Acid-base reactions are a fundamental concept in chemistry and are characterized by the exchange of protons between reactants. In a typical titration problem, you are dealing with an acid reacting with a base. For this exercise, the reaction involves HONH\(_2\) (a weak base) and HCl (a strong acid).

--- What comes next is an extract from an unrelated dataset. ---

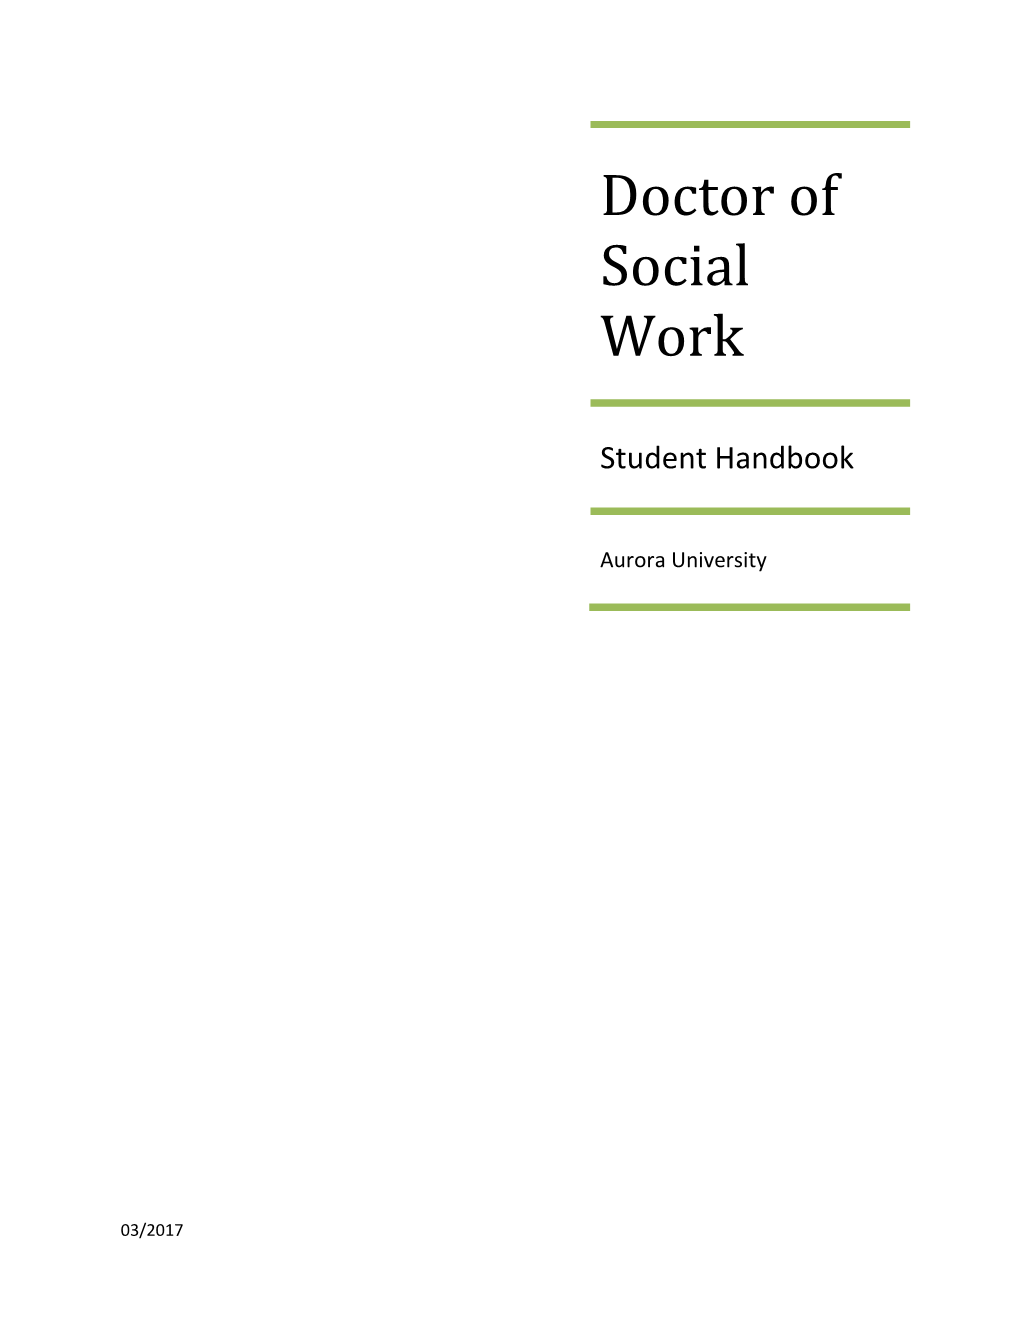 Doctor of Social Work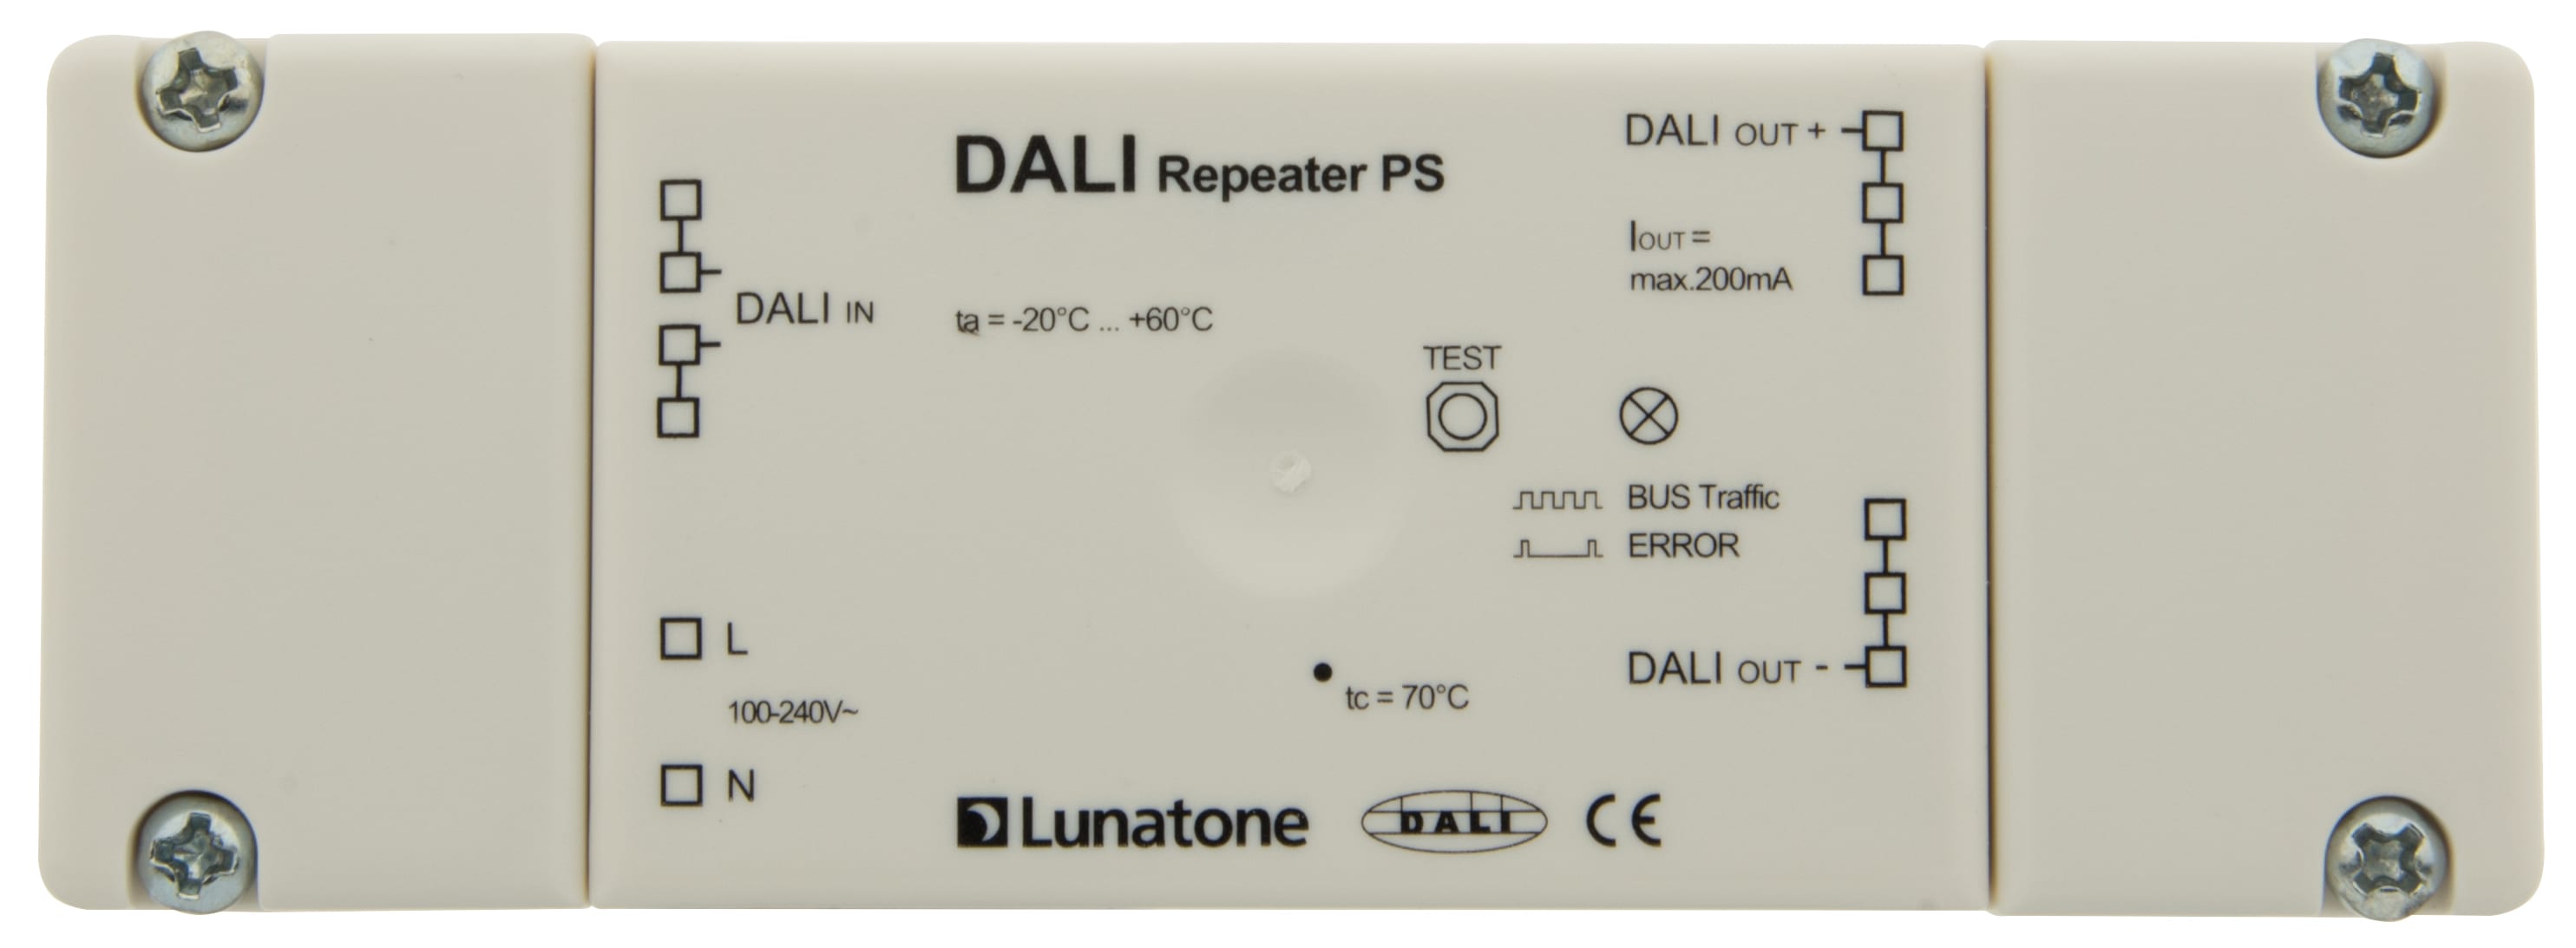 https://autled.com/daten/foto/Produktfoto_DALI-Signal-Repeater-PS_1_v1.jpg

• Acids: Donate protons (H\(^+\))
• Bases: Accept protons

The reaction in this exercise can be represented as:\[\text{HONH}_2 + \text{HCl} \rightarrow \text{HONH}_3^+ + \text{Cl}^- \]Each molecule of acid donates a proton to the base, forming conjugate acid and base pairs.It is important to recognize that, in a strong acid-weak base reaction like this, the base will be entirely converted to its conjugate acid at the equivalence point.Understanding this exchange of protons helps predict changes in pH throughout the titration, ultimately leading us to interesting outcomes at different stages of the addition of HCl.

ICE table

An ICE table is a helpful tool in equilibrium calculations, allowing you to organize information before, during, and after the reaction to predict concentrations of reactants and products.ICE stands for Initial, Change, and Equilibrium, and it sets up a structured manner to calculate unknown values. Here's how it works in our titration:

• Initial: Start with known initial concentrations
• Change: Determine the changes as the reaction proceeds
• Equilibrium: Calculate concentrations at equilibrium

For a base like HONH\(_2\), you set up the initial concentration and identify the changes due to the reaction with HCl. The ICE table helps determine how much each species is "consumed" or "produced" as the equilibrium is established. In practice, when \( \text{HONH}_2 \) reacts with HCl, the changes calculated in the ICE table can directly lead to solving the equilibrium expression for pH.

equivalence point

The equivalence point in a titration is when the number of moles of titrant added equals the number of moles of the substance being titrated. This is a crucial stage because it signifies the completion of the neutralization reaction. In the context of titration between a weak base (HONH\(_2\)) and a strong acid (HCl), the equivalence point can be particularly insightful.At the equivalence point:

• All original moles of the base have been completely neutralized by the acid
• The solution will primarily consist of the conjugate acid and accompanying ions

The pH can still change dramatically here. Since a strong acid is involved, you would often find the pH to be slightly acidic.The pH at this point is determined by the hydrolysis of the conjugate acid.Understanding the equivalence point is key to mastering titration and predicting the pH at this critical juncture in the reaction.